Development of Cadmium alternatives has yielded many new coating options, including several organic and inorganic “zinc flake” coating systems which are more like paint than plating. They are generally applied to fasteners with a “dip-spin” process where baskets of parts are immersed into a solution, then raised out of the bath and spun to prevent the coating from building up unevenly. The wet-coated parts are usually then placed into an oven to cure the coating. Some systems require multiple coats, sometimes of different solutions; similar in concept to primer and top coats of paint. These coating systems generally have the the following benefits:
- High Corrosion Resistance – They generally outperform electroplated zinc with RoHS compliant chromate.
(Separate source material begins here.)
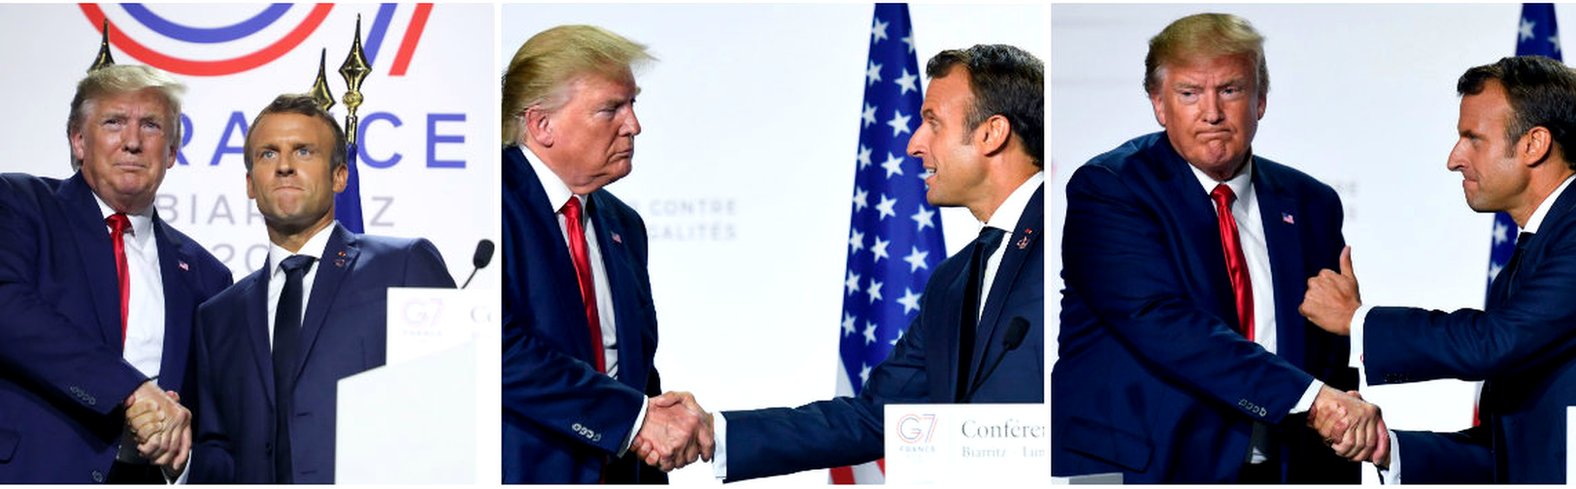 Дональд Трамп и Эммануэль Макрон на саммите G7 во Франции в августе

- Controlled Coefficient of Friction – The variance in the coefficient can be less than half that of electroplated zinc.
When choosing among these finishes, there are some negative characteristics that should be considered:
- Surface tension of the wet solutions causes build-up (excess thickness) on edges and on threads, especially for small diameter (< 1/4″ or M6) nuts. Starting a nut/bolt assembly can be affected if the coating is too thick on the threads.
- Surface tension causes parts to stick together. If the parts remain joined during the curing period, they will be difficult to separate, and when they are separated, the surfaces that were joined will have bare or thinly coated areas. Again this is more of a problem with smaller parts (where the ratio of weight to surface area is small), especially flange nuts which have a large flat surface to mate with. Bare or thinly coated bearing surfaces on flange nuts may be acceptable because when assembled to a clamping position, they are not exposed.
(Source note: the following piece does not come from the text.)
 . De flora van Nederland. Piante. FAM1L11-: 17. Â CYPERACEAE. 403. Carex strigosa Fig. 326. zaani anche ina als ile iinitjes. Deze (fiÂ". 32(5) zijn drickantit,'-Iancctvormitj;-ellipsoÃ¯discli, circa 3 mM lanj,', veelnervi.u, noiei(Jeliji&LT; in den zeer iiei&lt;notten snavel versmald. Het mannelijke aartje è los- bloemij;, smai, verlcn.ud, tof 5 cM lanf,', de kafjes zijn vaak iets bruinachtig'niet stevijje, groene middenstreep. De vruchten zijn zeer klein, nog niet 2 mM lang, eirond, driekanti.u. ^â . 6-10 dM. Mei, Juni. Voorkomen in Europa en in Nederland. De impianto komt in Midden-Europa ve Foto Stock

- There can be a puddling effect in threads of nuts where the axis of the thread is stationary and near horizontal for an extended time while the coating is curing.
Some process improvements can mitigate these effects (“thinner” solutions, direction-changing spin cycles, drops during the cure, etc.) but don’t completely eliminate them, especially for very small parts.
For prevailing torque locknuts with these coatings, there are additional concerns:
- Nylon Insert locknuts may be excluded from some of these coatings if the curing temperature is greater than the melting temperature of the nylon ring.
- All-metal locknuts will require increasing the pitch diameter of uncoated threads to accommodate the additional thickness of these coatings. This is more important for all-metal prevailing torque locknuts than for free-spinning nuts. For standard 60° threads in nuts, the pitch diameter decreases by 4 units for every unit of increased coating thickness.
- Prevailing torque tends to increase significantly from the uncoated condition to the coated condition, and this effect must be anticipated and accommodated in the thread deflection process. It is virtually impossible to take uncoated locknuts with compliant prevailing torque, coat them, and have the resulting prevailing torque remain compliant.
- Since these coatings affect prevailing torque, variations in the coating thickness from part-to-part will cause corresponding additional variation in prevailing torque.